What differences do we observe between junior and senior roles?

# new dataframe for only junior and seniors
jrs <- filter(final.data.df, junior == 1) %>%
  select(Id, Analyst = analyst, Engineer = engineer, Scientist = scientist) %>%
  gather(position, count, -Id)
jrs$level <- 'Junior'

srs <- filter(final.data.df, senior == 1) %>%
  select(Id, Analyst = analyst, Engineer = engineer, Scientist = scientist) %>%
  gather(position, count, -Id)
srs$level <- 'Senior'

pos_and_role <- bind_rows(jrs, srs) %>%
  group_by(level, position) %>%
  dplyr::summarize(count = sum(count))
  
ggplot(pos_and_role, aes(x = position, y = count, fill = level)) +
  geom_col(position = 'fill') +
  theme_bw() +
  scale_y_continuous(label = percent_format(accuracy = 1)) +
  scale_fill_manual(values = c('lightskyblue3', 'royalblue4')) +
  labs(x = element_blank(), 
       y = element_blank(),
       title = 'Distribution of Specified Levels')

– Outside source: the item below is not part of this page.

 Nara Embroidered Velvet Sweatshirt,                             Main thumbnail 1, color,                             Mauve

There’s not many junior roles compared to senior roles.
This suggests all of these data roles require experience.

Top Hard Skills for Junior Data Scientists

hs_jr_base <- filter(skills, skill_type == 'hard') %>%
  inner_join(filter(final.data.df, junior == 1 & scientist == 1), by = c('id' = 'Id')) 
hs_jr <-  group_by(hs_jr_base, skill) %>%
  dplyr::summarize(total_count = n())
hs_jr_denom <- n_distinct(hs_jr_base$id)

ggplot( arrange(hs_jr, desc(total_count))[1:top_x,], aes(x = reorder(skill, total_count), y = total_count/hs_jr_denom)) +
  geom_col(fill = 'grey60') +
  coord_flip() +
  labs(title = str_c('Top ', top_x, ' Technical Skills'),
       subtitle = str_c('Junior Data Scientists'),
       y = "% of Job Posts",
       x = element_blank()) +
  scale_y_continuous(label = percent_format(accuracy = 1))

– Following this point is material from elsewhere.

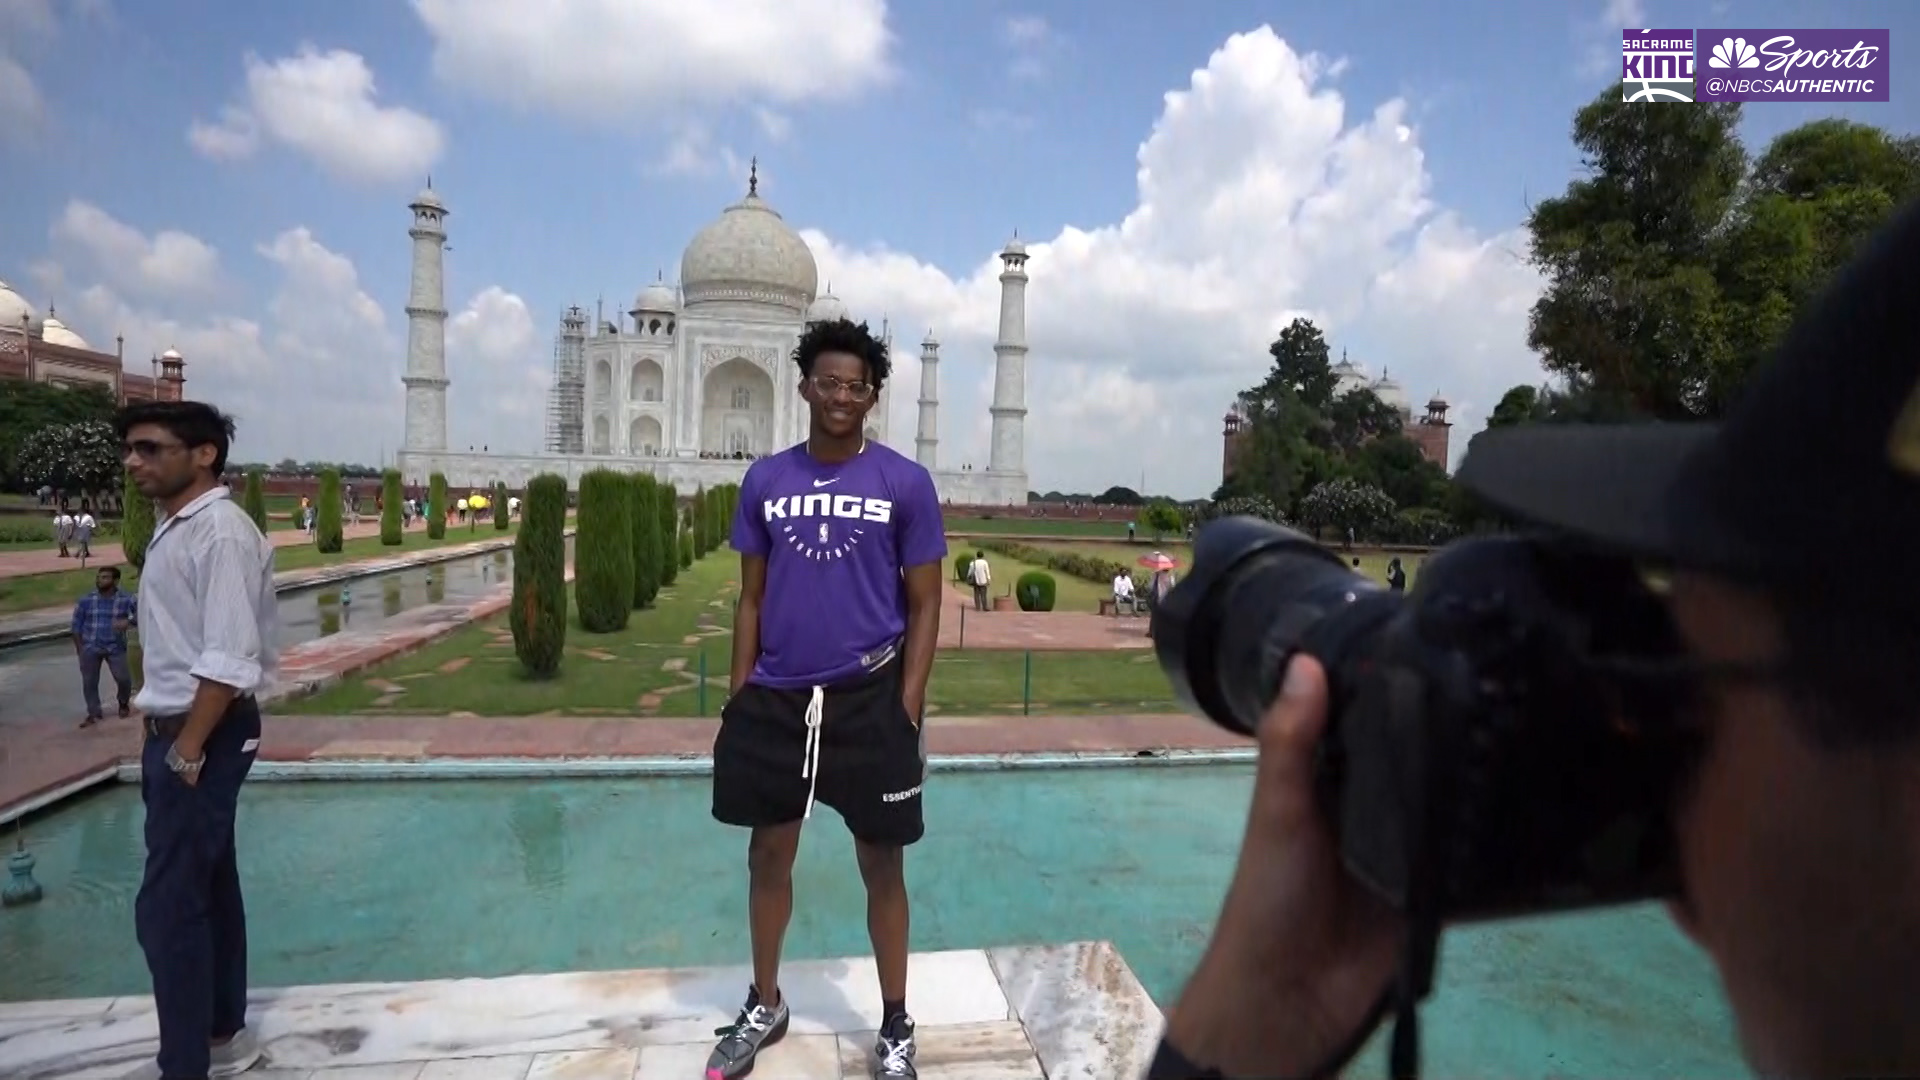 Vivek Ranadive: Sacramento Kings trip to Taj Mahal 'beyond words'

hs_sr_base <- filter(skills, skill_type == 'hard') %>%
  inner_join(filter(final.data.df, senior == 1 & scientist == 1), by = c('id' = 'Id')) 
hs_sr <- group_by(hs_sr_base, skill) %>%
  dplyr::summarize(total_count = n())
hs_sr_denom <- n_distinct(hs_sr_base$id)

High demand for Python, machine learning, and R.
Tableau at $4 suggests the need for junior roles to create dashboards to convey the analysis.

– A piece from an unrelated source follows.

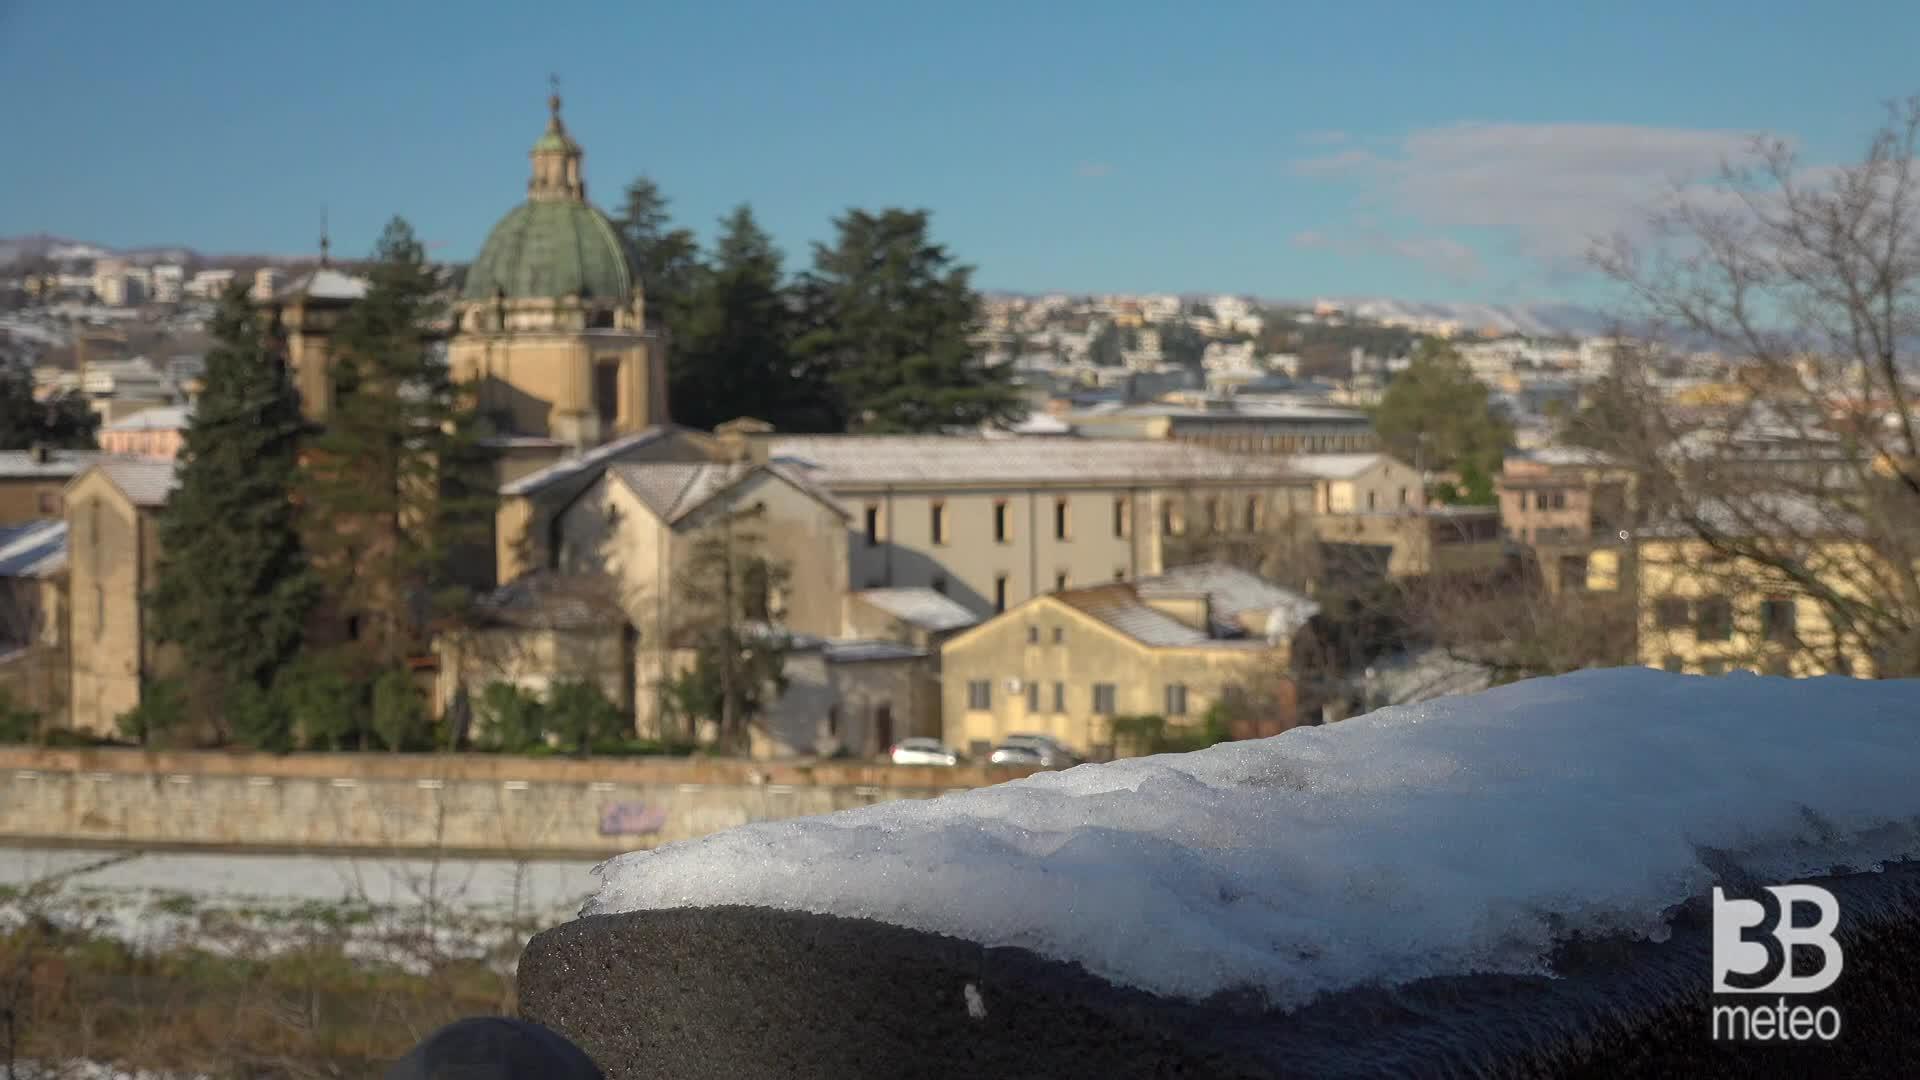 Cosenza la neve imbianca i tetti: le immagini al mattino

Top Hard Skills for Senior Data Scientists

ggplot( arrange(hs_sr, desc(total_count))[1:top_x,], aes(x = reorder(skill, total_count), y = total_count/hs_sr_denom)) +
  geom_col(fill = 'grey60') +
  coord_flip() +
  labs(title = str_c('Top ', top_x, ' Technical Skills'),
       subtitle = str_c('Senior Data Scientists'),
       y = "% of Job Posts",
       x = element_blank()) +
  scale_y_continuous(label = percent_format(accuracy = 1))

sci_industry <- filter(df_all, scientist == 1 & Company_Industry != '') %>%
  dplyr::group_by(Company_Industry) %>%
  dplyr::summarize(postings = n()) %>%
  arrange(desc(postings))

About 4 out of 5 senior data scientist roles seek out python users.
Over half of senior data scientist roles seek out the top 4 skills.

Companies

Top Company Industries Seeking Data Scientists

Lets take a look at which companies are posting in search of data scientists.

ggplot(sci_industry[1:10,], aes(x = reorder(Company_Industry, postings), y = postings / sum(sci_industry$postings))) +
  geom_col(fill = 'grey60') +
  coord_flip() +
  labs(title = 'Top 10 Company Industries',
       subtitle = str_c('Data Scientist Posts'),
       y = "% of Job Posts",
       x = element_blank()) +
  scale_y_continuous(label = percent_format(accuracy = 1))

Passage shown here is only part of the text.